Abstract
Cell proliferation is regulated by the cell cycle, and in order to divide the cell must enter a mitotic state. Prior to mitosis the cell is required to pass through a number of checkpoints, including the critical G1/S restriction point governed by the successive phosphorylation of the retinoblastoma protein, pRb. The various proteins and regulatory factors governing pRb phosphorylation have been a major focus of study in recent years, given the central importance of G1/S transition deregulation in cancer development. This review summarises the molecular biology around the G1/S transition, focussing on the critical roles of the transcription factor family E2F and the cyclin-dependent kinase (CDK) and cyclin families involved in E2F release from pRb.

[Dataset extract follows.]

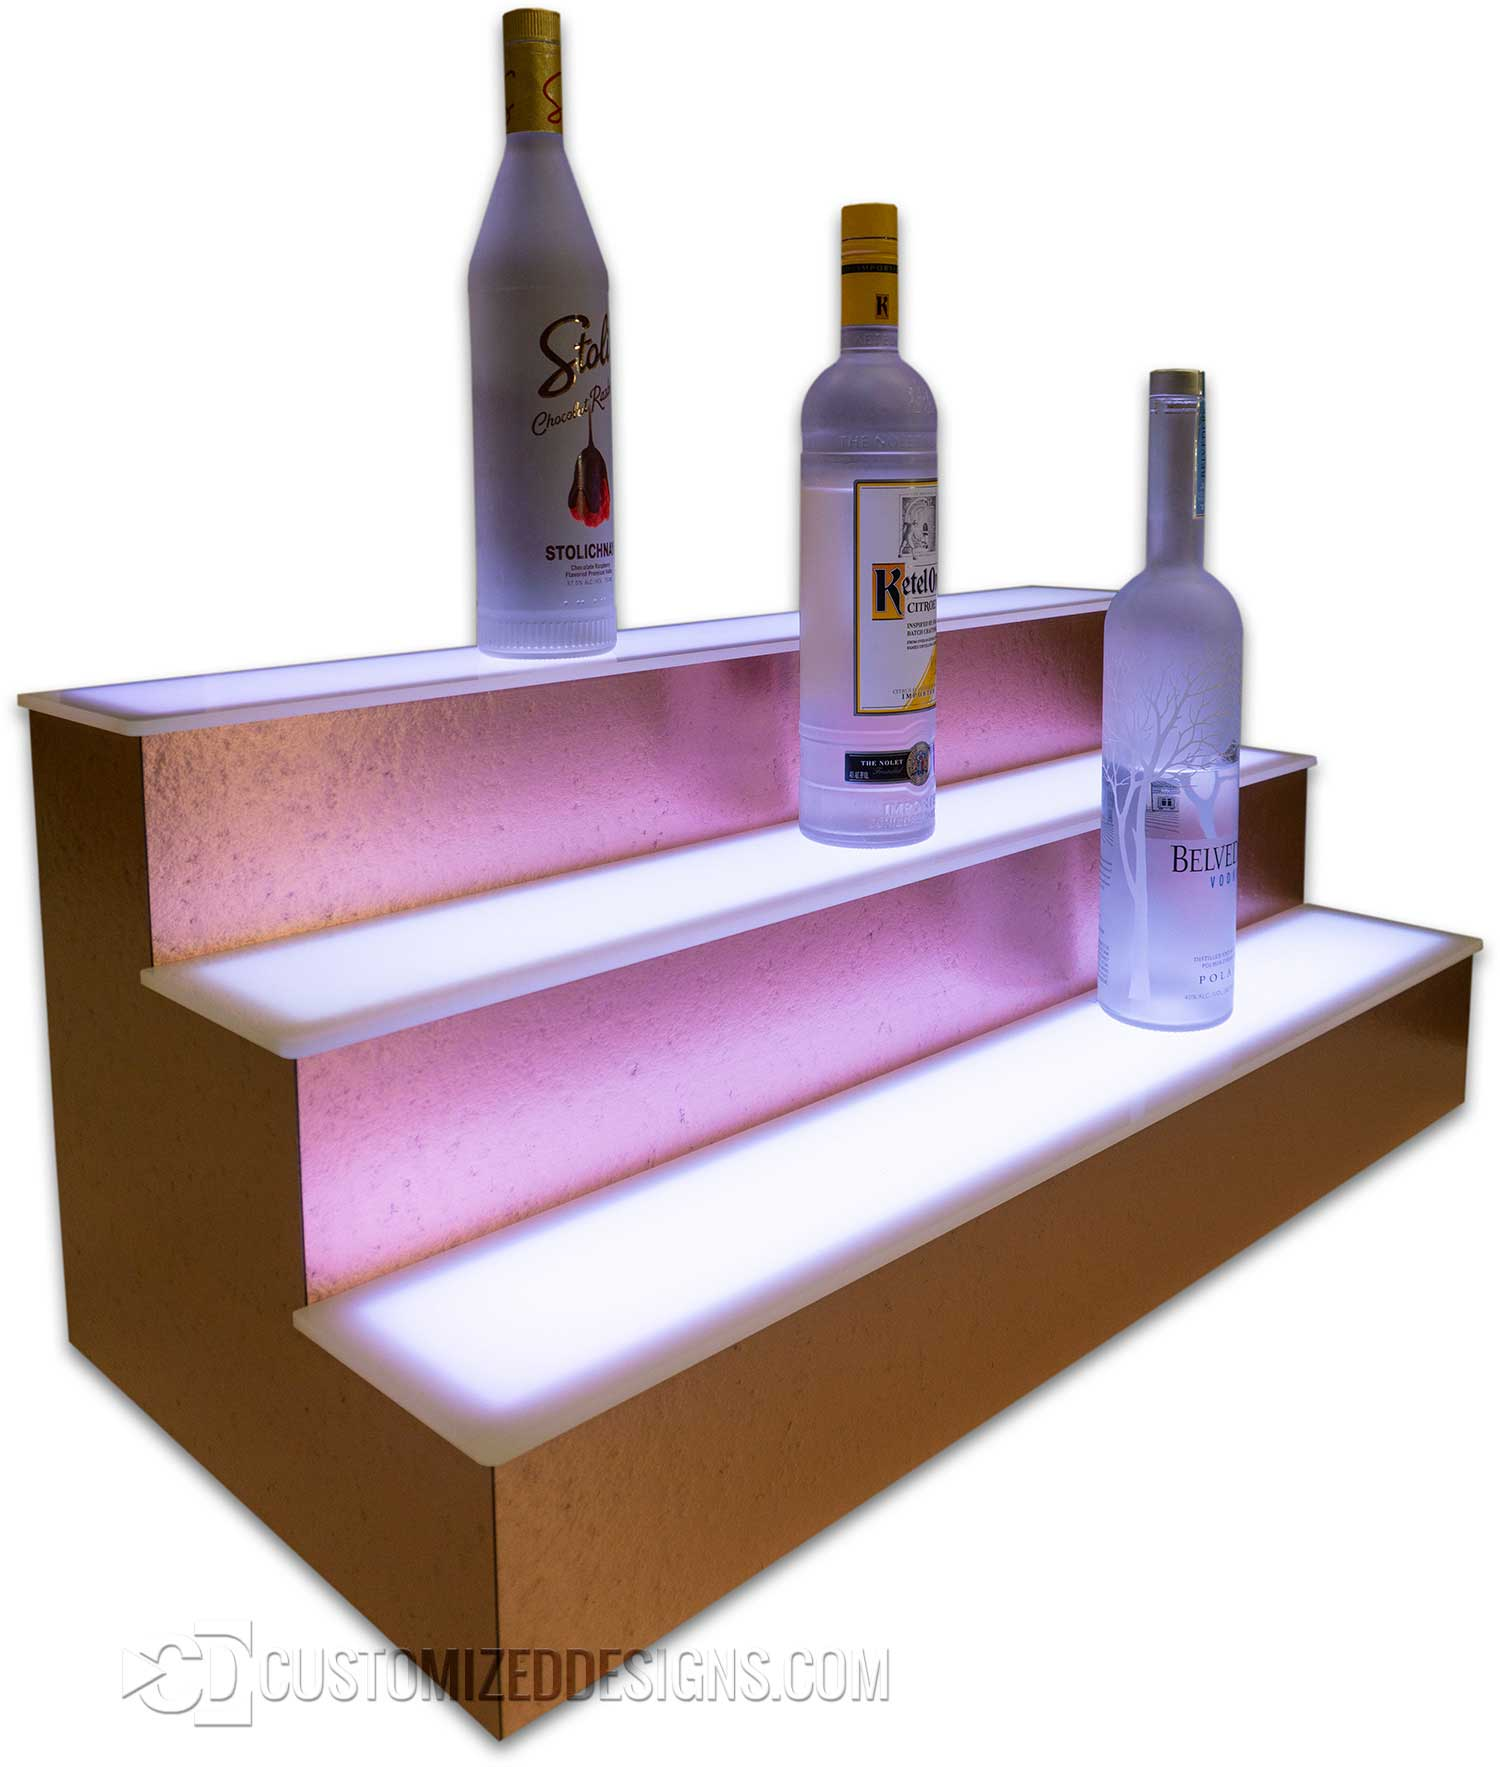 Moonscape Copper Display Shelves

Interestingly, E2F release from pRb is associated with cell proliferation; however, above a certain threshold E2F has the potential to trigger apoptosis. The review focuses on the following topics: (i) how E2F and other substrates bind to pRb at the molecular level; (ii) mechanisms by which pRb function is modulated within the cell; (iii) mechanisms that inhibit or enhance cell proliferation via the pRb/E2F pathway; (iv) how E2F can potentiate apoptotic pathways; and (v) what controls whether E2F mediates cell proliferation or apoptosis. The case for the development of agents that perturb pRb:E2F interactions will be made, as a strategy to further inform the molecular biology around this important target and as a therapeutic strategy against cancer.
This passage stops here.